West Kelowna woman’s right to assisted suicide upheld

B.C.'s Court of Appeal rules exemption from the current ban on assisted suicide—itself ruled unconstitutional—will stay in place.

West Kelowna’s Gloria Taylor has retained her right to die.

Taylor, who suffers from ALS, was one of the plaintiffs in the June B.C. Supreme Court case that challenged Canada’s ban on assisted suicide.

She was given the special one-year exemption from the law when the B.C. Supreme Court judge Lynn Smith ruled the ban was unconstitutional. The judge gave the federal government one-year to re-write the legislation concerning assisted suicide.

In the meantime, because of Taylor’s deteriorating condition, Smith gave Taylor a special exemption from the assisted suicide ban, which mains still in place pending a federal appeal.

The federal government announced it would appeal both the overturning of the ban and the exemption given to Taylor, who is believed to be the only person in Canada currently legally allowed to have an assisted suicide.

In a ruling released Friday, B.C. Court of Appeal Justice Jo-Ann Prowse rejected the government’s application for a stay of Taylor’s exemption.

She said because of Taylor’s condition, the West Kelowna woman would suffer harm if the exemption was removed.

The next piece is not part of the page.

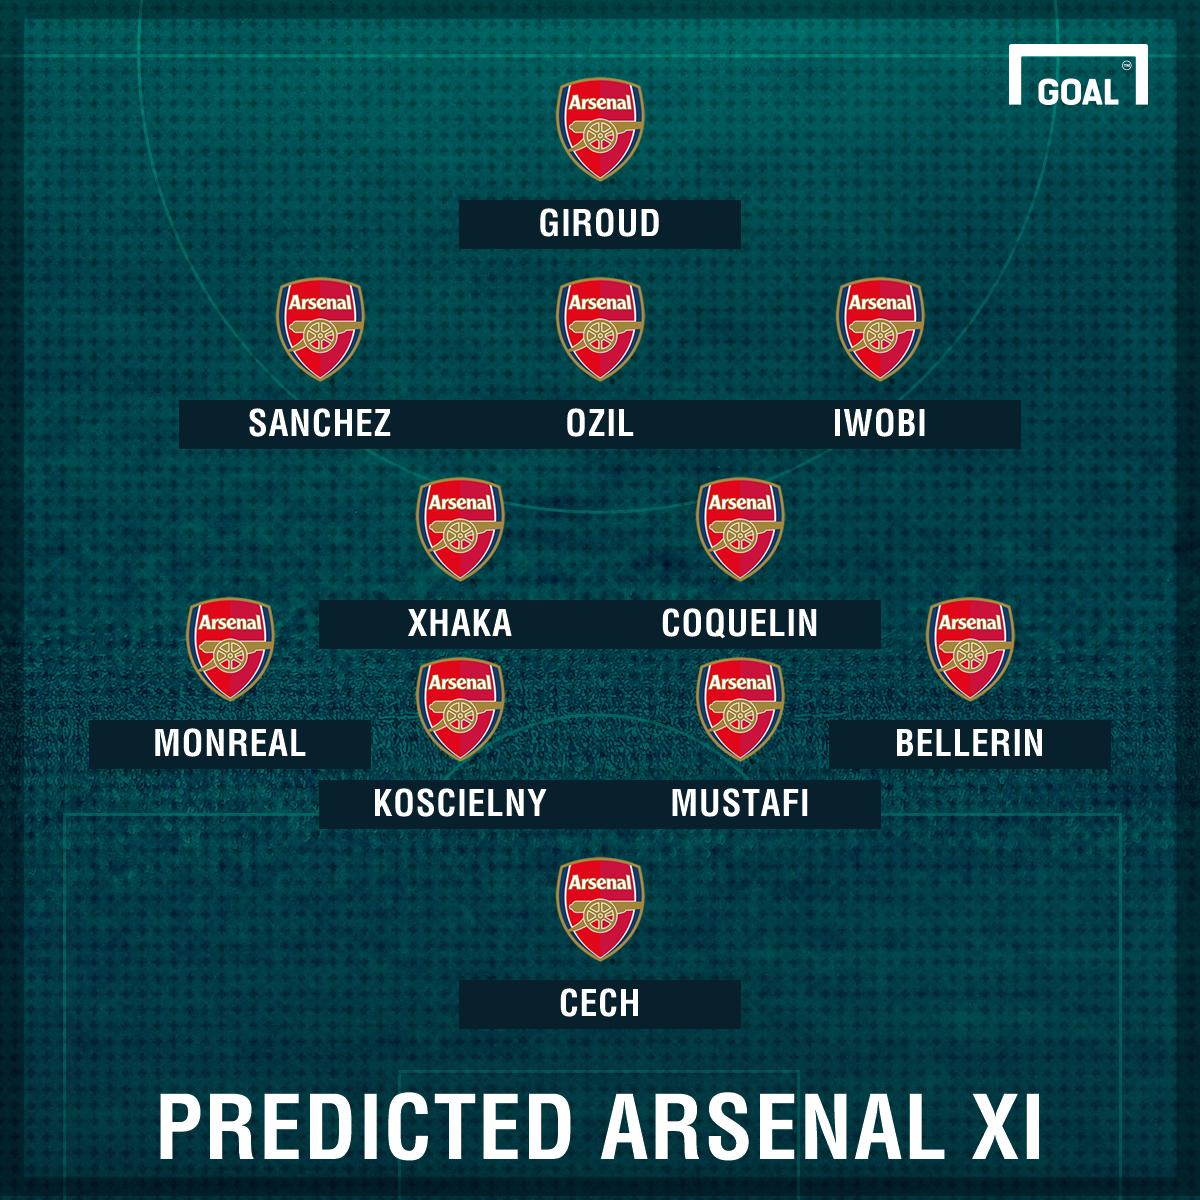 Predicted Arsenal Xi

The ruling did not address the government’s appeal of the overturning of the ban on assisted suicide inCanada. That will go the B.C. Court of Appeal and likely, to the Supreme Court of Canada for a final ruling. The court of appeal hearing is expected in March 2013.

 

Taylor’s lawyer said her client was delighted with Prowse’s ruling. She said she did expect Taylor to exercise the exemption right away but during the June court case, layers for the plaintiffs said Taylor’s conditon was deteriorating quickly.